Le couvert de gauche est composé de moutarde et de phacélie, plantes rapides, efficaces sur l’azote et capables de faire de la biomasse et de la structuration de sol. Cependant, si on laisse ce type de couvert se lignifier, il sera très riche en carbone et demandera par conséquent de l’azote pour se décomposer et être intégré à la matière organique du sol.

À titre d’exemple, une étude de l’INRA de Colmar avait montré qu’une moutarde ayant piégé 80 kg/ha d’azote une année, n’en redonnait que 35 kg/ha aux cultures au bout des 7 années suivantes, les 45 kg/ha restants étant incorporés à la matière organique créée. D’autre part, ces deux espèces ayant un port dressé et droit, elles laissent la lumière arriver au sol et par conséquent laissent les repousses et autres gracieusetés se développer. Moralité : faim d’azote en TCS et SD et un piètre contrôle du salissement.


Le couvert de droite, plus complexe, est composé de tournesol, phacélie, vesce et pois. Il intègre des légumineuses et par conséquent permet une fixation d’azote atmosphérique et un rééquilibrage des espèces telles que le tournesol ou la phacélie.

En fournissant de l’azote au système, le pois et la vesce permettent également de pousser le couvert plus loin et d’éviter des montées à graines trop rapides. Enfin, le port rampant de ces espèces leur permet de s’accrocher dans les tuteurs tournesol et phacélie et occulte complétement la lumière : pas de salissement dessous. Moralité : azote disponible, sans doute davantage de biomasse et effet nettoyant.

Bien entendu il n’existe pas de mauvais couvert (hormis celui que l’on ne maîtrise pas) et tout l’enjeu consiste à piloter le C/N des plantes qui se succède sur le sol pour fixer du carbone et produire de l’azote : ni trop de l’un ni trop de l’autre... Une vesce dans la moutarde-phacélie aurait sans doute suffit.

PS : Il n’est pas impossible que la partie droite du couvert de gauche sur la première photo (est-ce clair ?) ait profité de l’effet légumineuse de son voisin de droite : les plantes sont plus développées et encore vertes.


23
août
2010

Maïs : reprendre la question dans le bon sens

Une journée de profils dans le sud-ouest, réalisés sous du maïs irrigué ! m’a permis de mettre en images quelques idées à propos du sol, de l’eau et des plantes.

Malgré une bonne porosité verticale (vers de terre, racines, ...) ce profil est coupé par deux fonds de labours superposés.

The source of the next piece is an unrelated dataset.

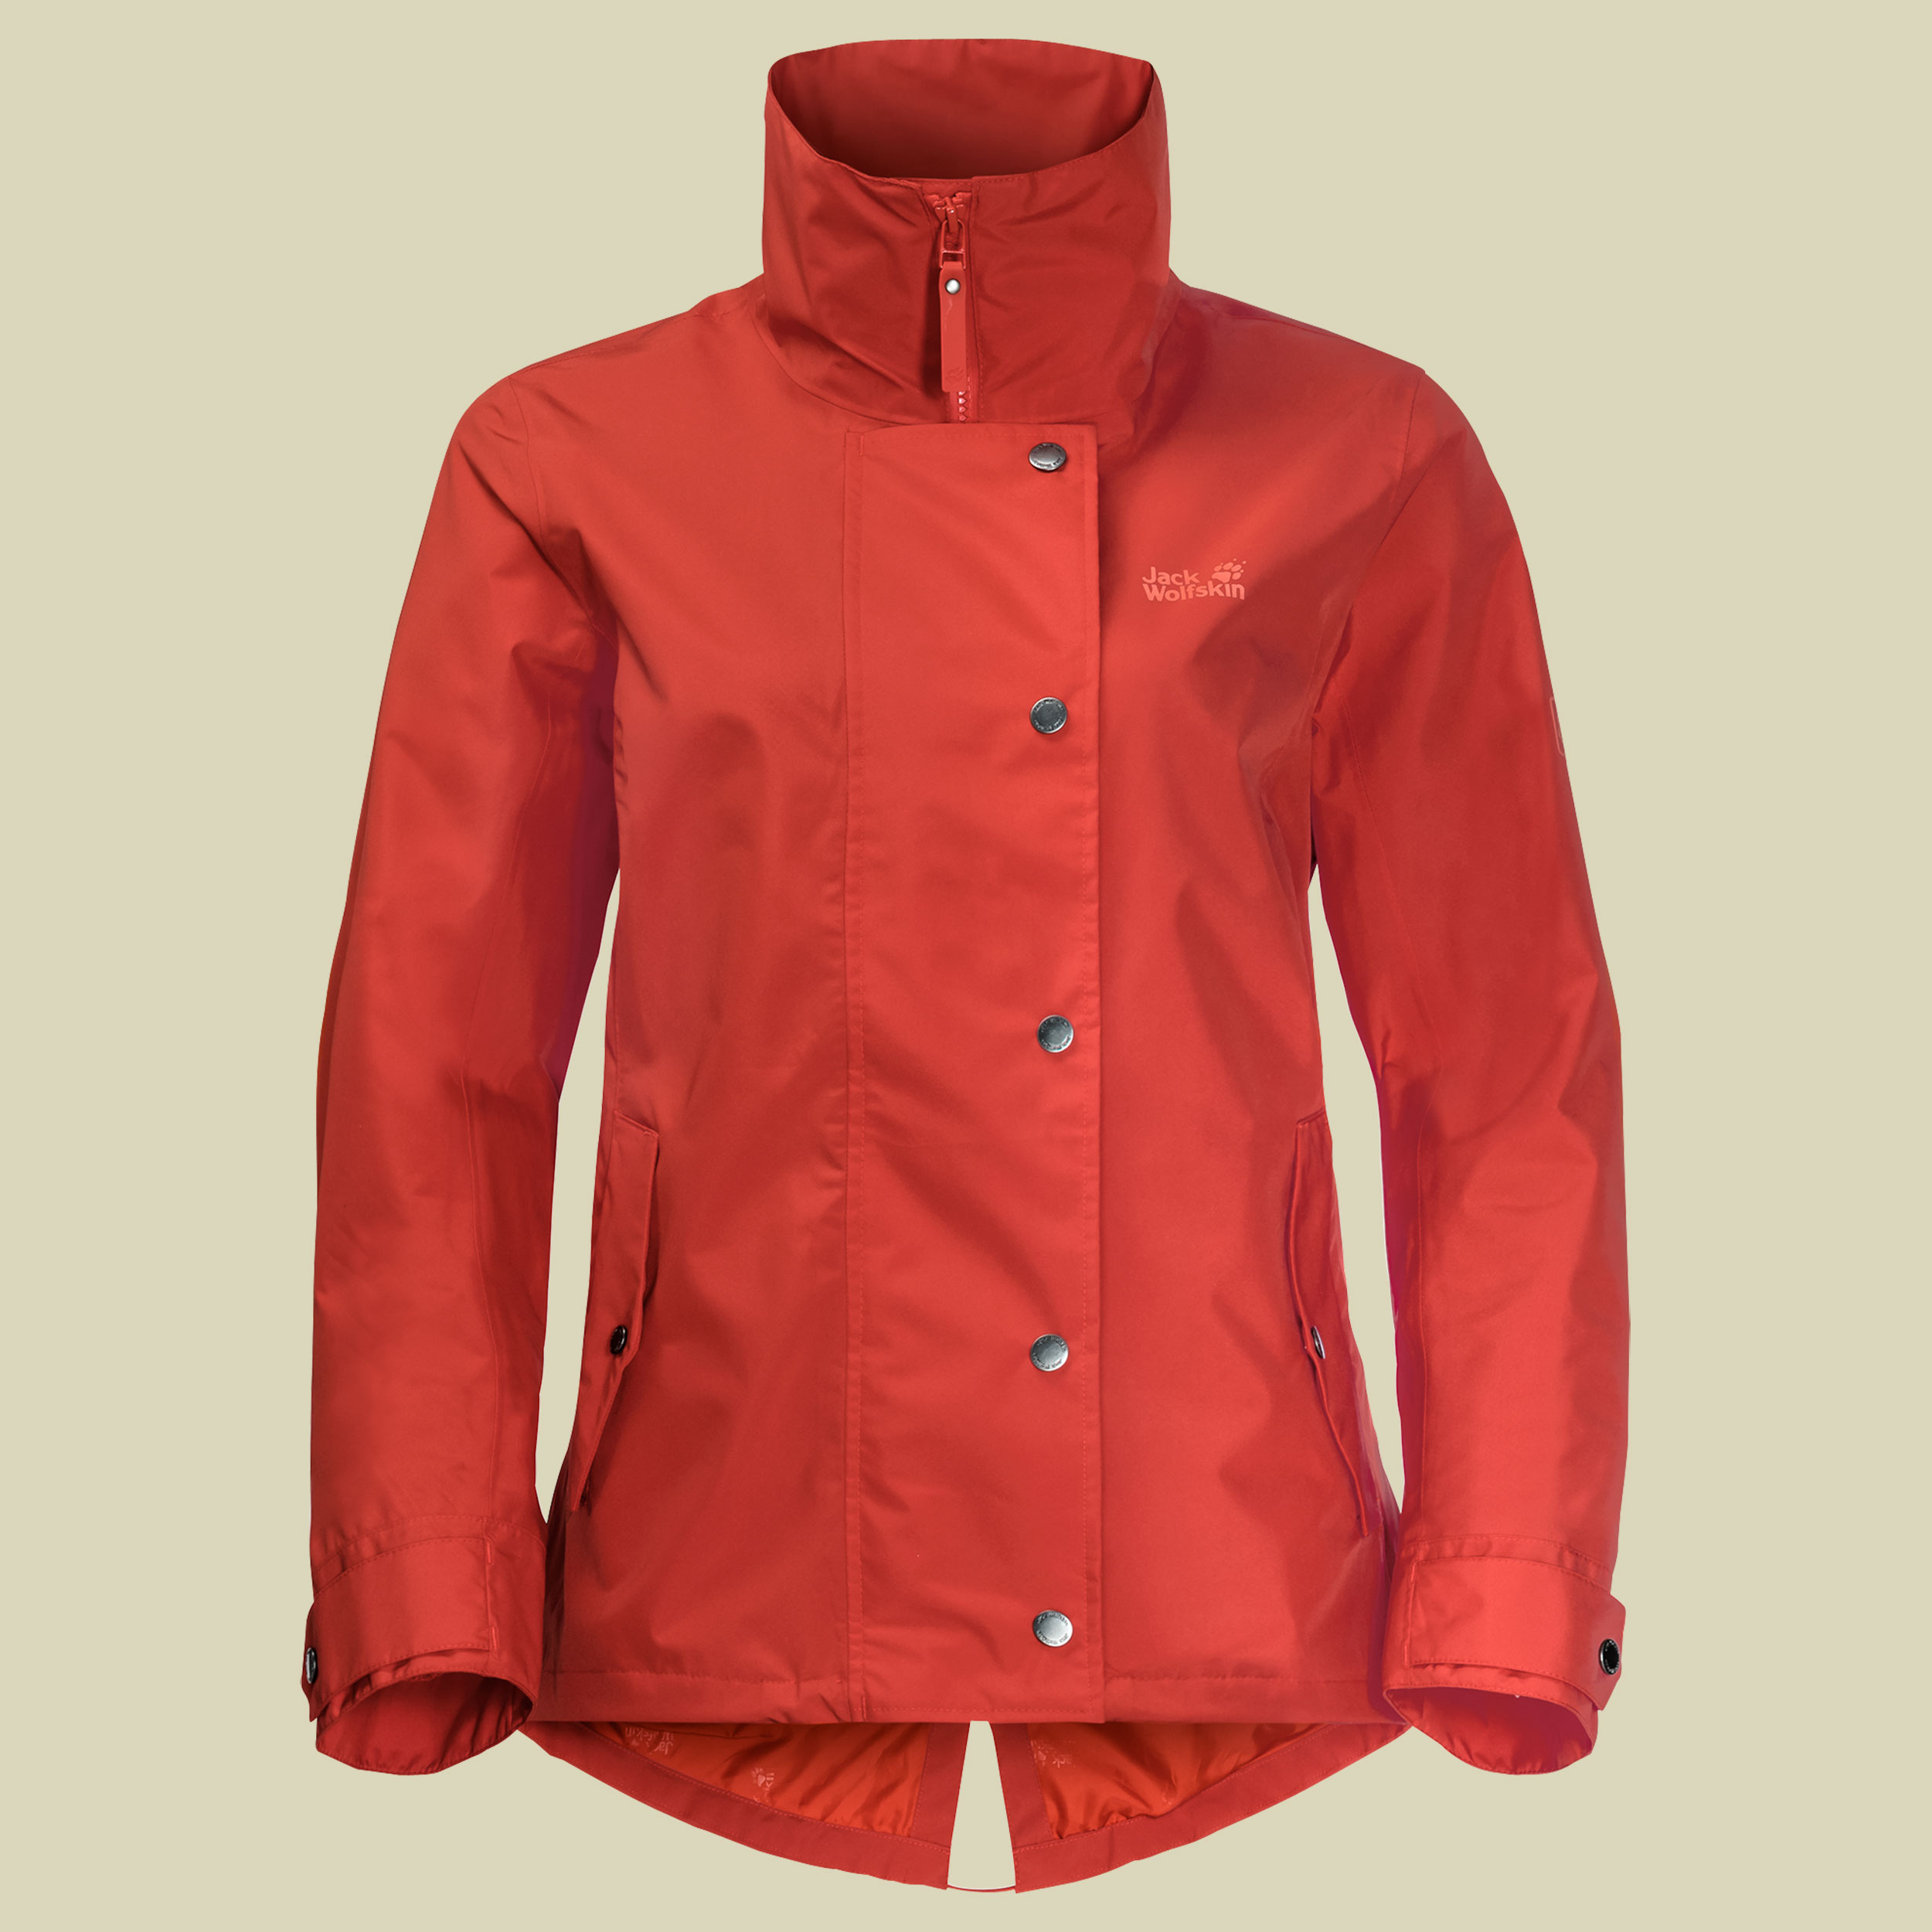 Newport Jacket Women Größe M Farbe volcano red

Le réseau poral naturel des sols est organisé de telle manière qu’il puisse absorber et répartir rapidement l’eau arrivant à la surface et inversement de la restituer aux plantes qui en ont besoin.

Dès l’instant où le profil de sol est coupé horizontalement par un ou plusieurs fonds de travail (d’autant plus préoccupants que le travail est répété, agressif et/ou réalisé en mauvaises conditions), le stockage de l’eau et sa restitution ne peuvent se faire correctement.


Cette coupure peut également conduire à un enracinement très superficiel du maïs, sur l’épaisseur labourée par exemple. Une fois consommée la réserve utile superficielle il devient nécessaire d’irriguer puisque :
- Il n’y a pas de racines en dessous ;
- Il n’y a pas eu de stockage optimal de l’eau en dessous ;
- Il ne peut y avoir de remonter capillaires efficaces du dessous.


Des sondes tensio-électriques positionnées à 30 cm et 60 cm indiquent le potentiel de rétention en eau du sol.
La sonde fichée à 30 cm affiche un potentiel de 100, soit un besoin d’irrigation immédiat, celle à 60 cm montre une réserve utile suffisante : pas de chance, il n’y a pas de racines à 60 cm.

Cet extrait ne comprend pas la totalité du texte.